The Cost of the Strangler Fig Is Time — But So Is the Cost of Risk
The strangler-fig approach extends the total migration timeline compared to a big-bang rewrite. The PayStream migration took 18 months versus an estimated 14-month big-bang path. A retrospective stakeholder asked whether, knowing the outcome, we would have said yes to the shorter big-bang path. The answer is no — and the reason is instructive. A 14-month big-bang path carries no interim improvement and no production evidence that the replacement system works under real load. An 18-month strangler-fig delivers measurable outcomes every three months, reduces business risk continuously, and — critically — allows the leadership team to validate decisions with real evidence at every step. Extended timeline is a genuine cost, but it is a cost that delivers compounding safety benefits the big-bang path cannot deliver.
Organizational Change Is as Important as Technical Change
This case study has focused largely on technical architecture decisions, which reflects the nature of the engagement as a platform transformation.

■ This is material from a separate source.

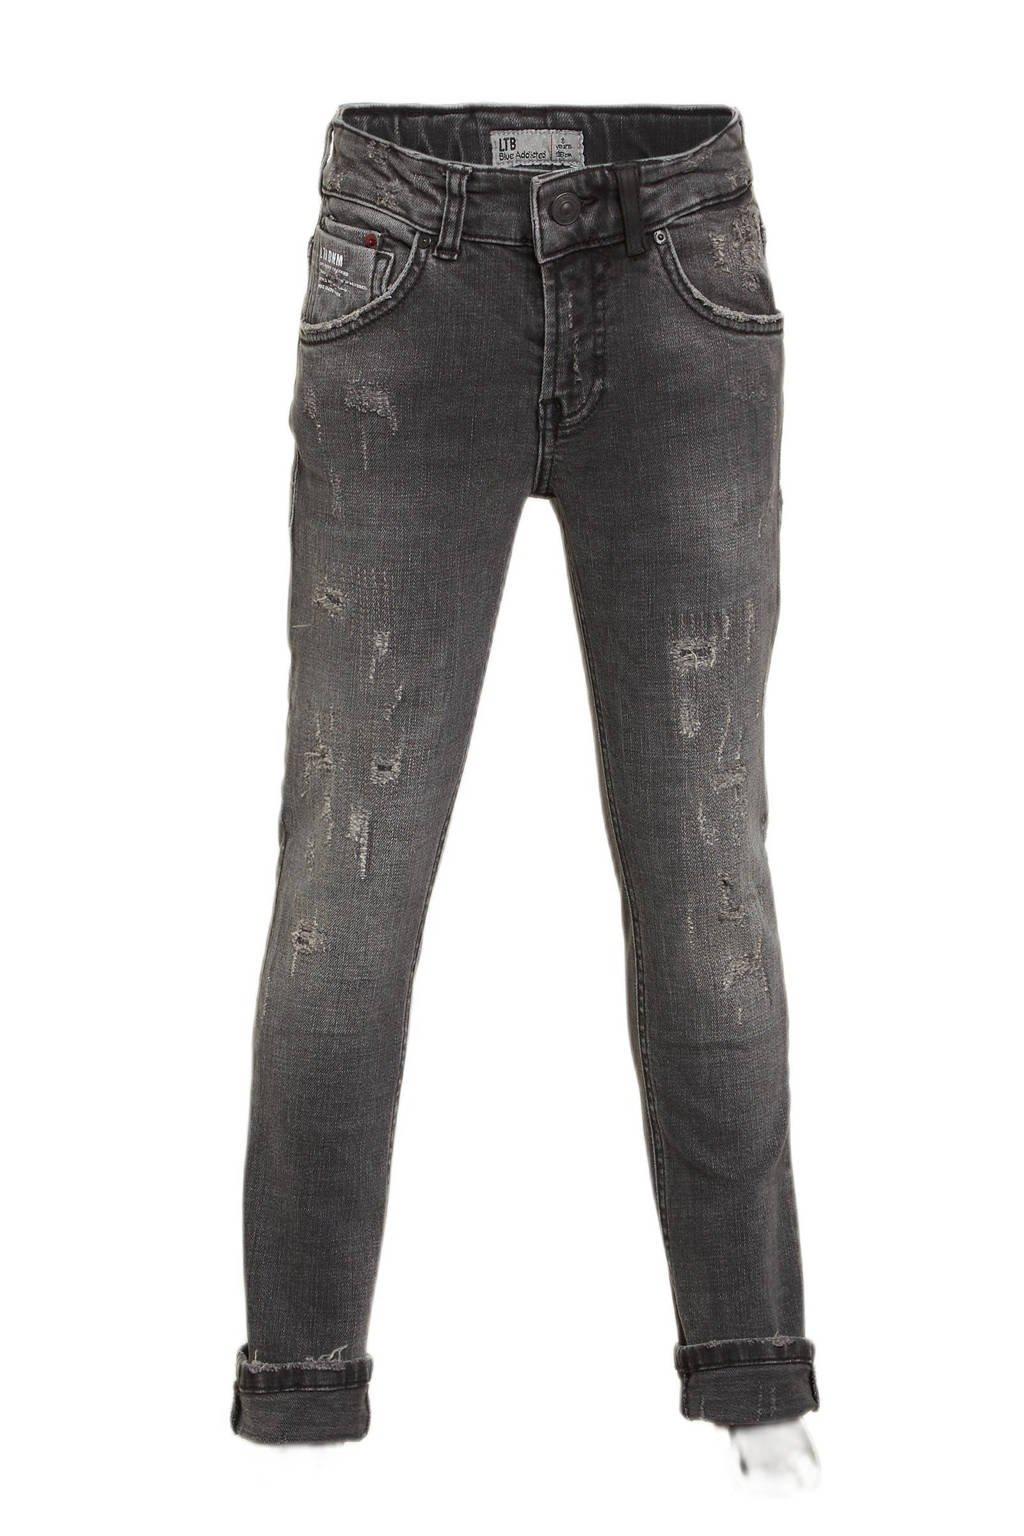 LTB slim fit jeans Smarty afon wash, Afon wash

Structurally, the organizational components — team structure, deployment practices, SLAs, headcount planning — required the same intensity of design consideration as every API gateway and event type. The engineering team that began this engagement in 2024 was not operationally capable of operating a heterogeneous multi-service platform regardless of how the architecture was designed. Building the operational discipline — on-call culture, deployment hygiene, SLO frameworks, incident management — happened in parallel with the technical work, and the schedule was calibrated to give that work room. Technical transformation without operational transformation is a migration, not an evolution. The teams that succeed at the migration but fail at the operational discipline tend to re-impose the same organizational constraints a year later regardless of how modern their technology stack is.
Conclusion
The PayStream case study is a narrative of deliberate architectural evolution rather than disruptive reinvention. The strangler-fig migration pattern, the event backbone as a platform commitment, shadow traffic as a validation strategy, and the SLO-driven deployment cycle were not chosen because they are fashionable — each was chosen because it addressed a specific, measured constraint in the platform that could not be addressed in any other way.
The metrics speak for themselves but they also understate the story. The real outcome was not the reduction in latency or the cost savings — those were operational outcomes. The structural outcome was what the platform enabled afterward:_two years of sustained organic growth without requiring another round of infrastructure investment, six new engineering team members supported by a mature deployment and observability foundation, and an engineering team that stopped firefighting and started building features relevant to their clients. For any technology leader considering a cloud transformation, the case for starting with a clear strategy, a comprehensive observability foundation, and a migration pattern that keeps the existing system running throughout is a stronger case than any single technical decision could make on its own.